# Win7 erkennt meine Soundkarte nicht.



## 0705 (2. Dezember 2009)

Hallo!

Nachdem ich jetzt Win7 installiert habe stehe ich vor dem Problem, dass meine Soundblaster Live! Drive II Karte nicht erkannt wird. Ich hatte mir jetzt einen relativ neuen Treiber heruntergeladen (hoffentlich den richtigen), doch beim ausführen der Installation erkennt er keine Soundkarte.

Ich habe laut meinen Motherboard-Ausgängen hinten scheinbar auch eine OnBoard Soundkarte, die es zur Not auch tun würde...doch diese kann ich im BIOS nicht finden um sie zu aktivieren.

Ich habe vor Kurzem einen TotalCrash gehabt und bis dato lief meine Soundkarte einwandfrei und seitdem habe ich an der Hardware nichts verändert.

Vielleicht könnt ihr mir helfen?

Danke schonmal im Voraus.


----------



## PC Heini (3. Dezember 2009)

Grüss Dich

Bau mal die Soundkarte aus. Vlt muss man den Treiber zuerst installieren, bevor man die Soundkarte einbaut. Wäre immerhin ne Möglichkeit.


----------



## Nico Graichen (3. Dezember 2009)

Hi

Gibt es für die Karte denn überhaupt einen Treiber für Win7


----------



## 0705 (4. Dezember 2009)

Also ausgebaut hatte ich sie schonmal um eventuell eine OnBoard-Soundkarte zu aktivieren. Funktioniert hat das nicht. Im BIOS finde ich keine OnBoard Soundkarte, was sehr eigenartig ist.
Ich habe auch schon überlegt, ob es eventuell wirklich keine Treiber für diese Soundkarte gibt, allerdings bezweifle ich das doch sehr stark. Es muss doch mindestens einen Soundblaster-Treiber geben, der wenigstens die Karte als eine Soundkarte erkennt?! Ich brauch ja nicht das komplette Menü und alle Funktionen...nur eben den Sound.
Wenn ich entsprechende SounblasterLive!Drive Treiber im Netz suche, finde ich nur komplette "Pakete", die dann gleich noch entsprechende Programme zur Nutzung der Soundkarte installieren wollen. Egal ob die Soundkarte ein- oder ausgebaut ist, diese Programme erkennen keine entsprechende Hardware.

...
Im Gerätemanager allerdings erkennt er einen Multimedia Audio Controller.


----------



## PC Heini (4. Dezember 2009)

Und zu welcher Soundkarte würde dieser Kontroller passen?

Dann schreibste in Deinem ersten Posting, dass die S-Karte vor dem Crash einwandfrei lief. Welches Betriebssystem war das?

Schreib auch mal was zu Deiner Hardware,sonst fischen wir noch lange im Trüben.

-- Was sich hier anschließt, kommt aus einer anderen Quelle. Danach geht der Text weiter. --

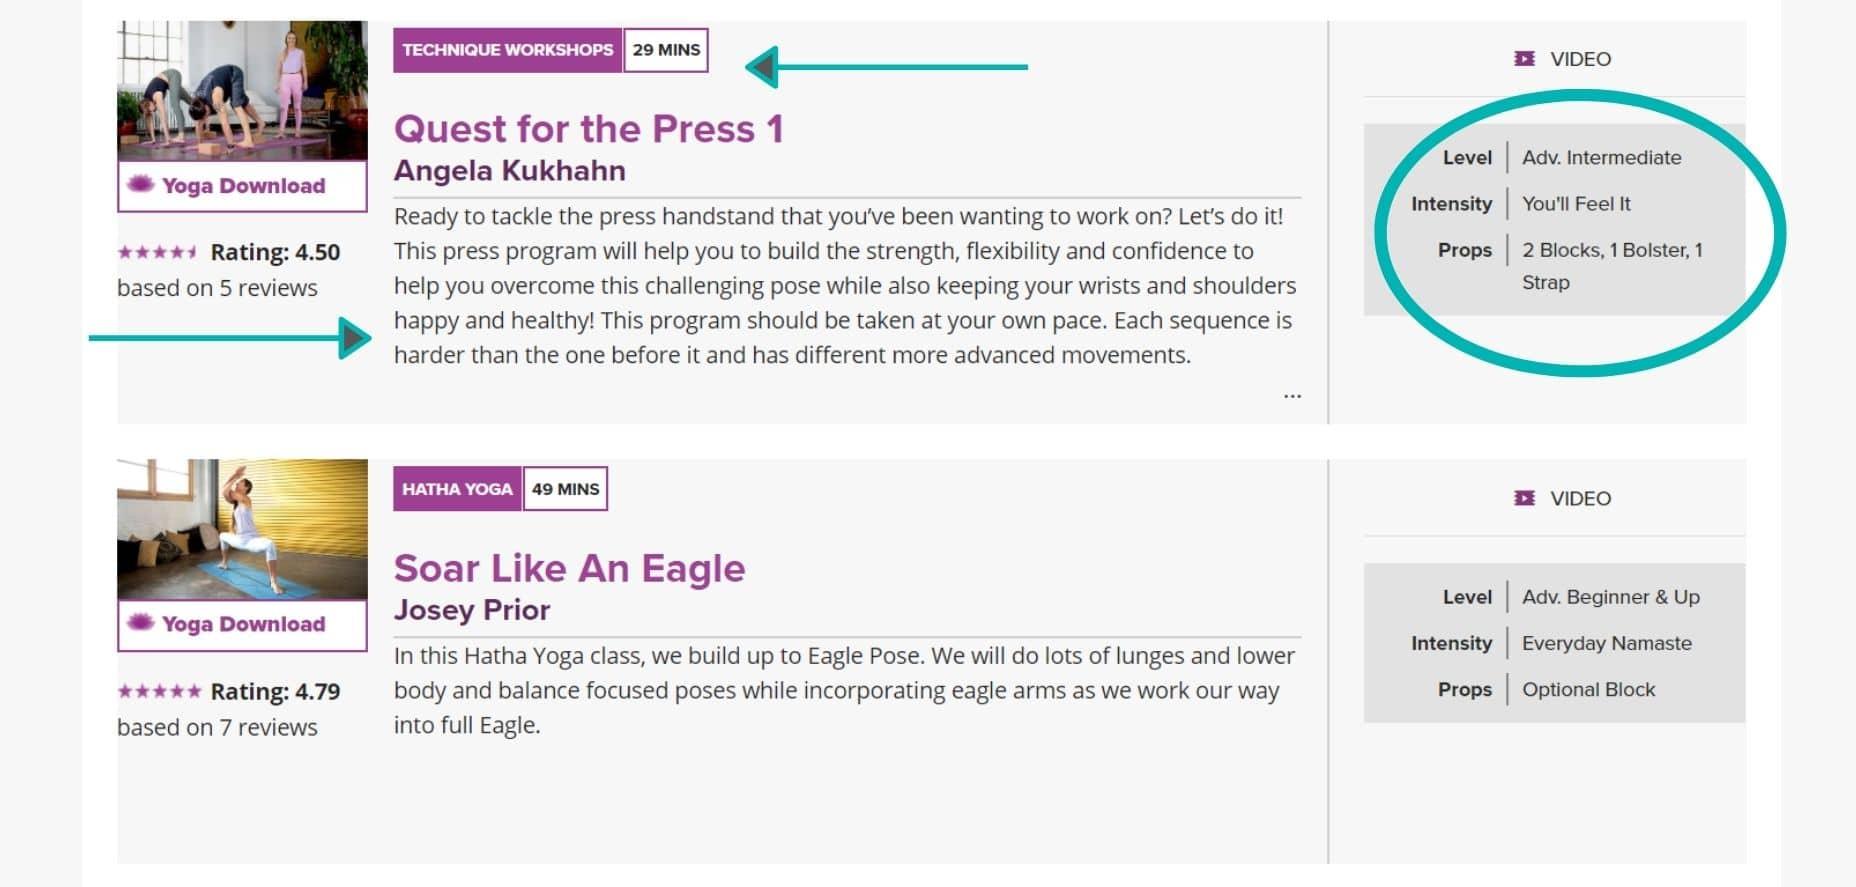 Woman teaching advanced online yoga classes on YogaDownload online yoga website.

Installiere auch mal Everest. Das Programm liefert Dir Angaben über Dein System und liefert auch Links.


----------



## 0705 (4. Dezember 2009)

PC Heini hat gesagt.:


> Und zu welcher Soundkarte würde dieser Kontroller passen?
> 
> Dann schreibste in Deinem ersten Posting, dass die S-Karte vor dem Crash einwandfrei lief. Welches Betriebssystem war das?
> 
> ...



Vor dem Crash hatte ich WinXP als Betriebssystem.
Wenn cih die Soundblaster Karte entferne zeigt er mir den Multimedia Audio Controller nicht mehr an.
Ich habe jetzt SIW ausgeführt und folgende, ich hoffe brauchbare Informationen zu meinem Mainboard:
ASUStek P5B SE Version Rev. 1.xx mit einer BIOS-Version von Juli 2007

Hm, ansonsten brauchst du doch keine weiteren Informationen, oder?
An dieser Stelle möchte ich dir schonmal danken für deine Hilfe!


----------



## PC Heini (6. Dezember 2009)

Dann ists möglich, dass es ( noch ) keinen Treiber für Win7 gibt.
Ob ein Biosupdate was bringen würde, kann ich nicht sagen. Eigentlich liegts ja am Treiber.


----------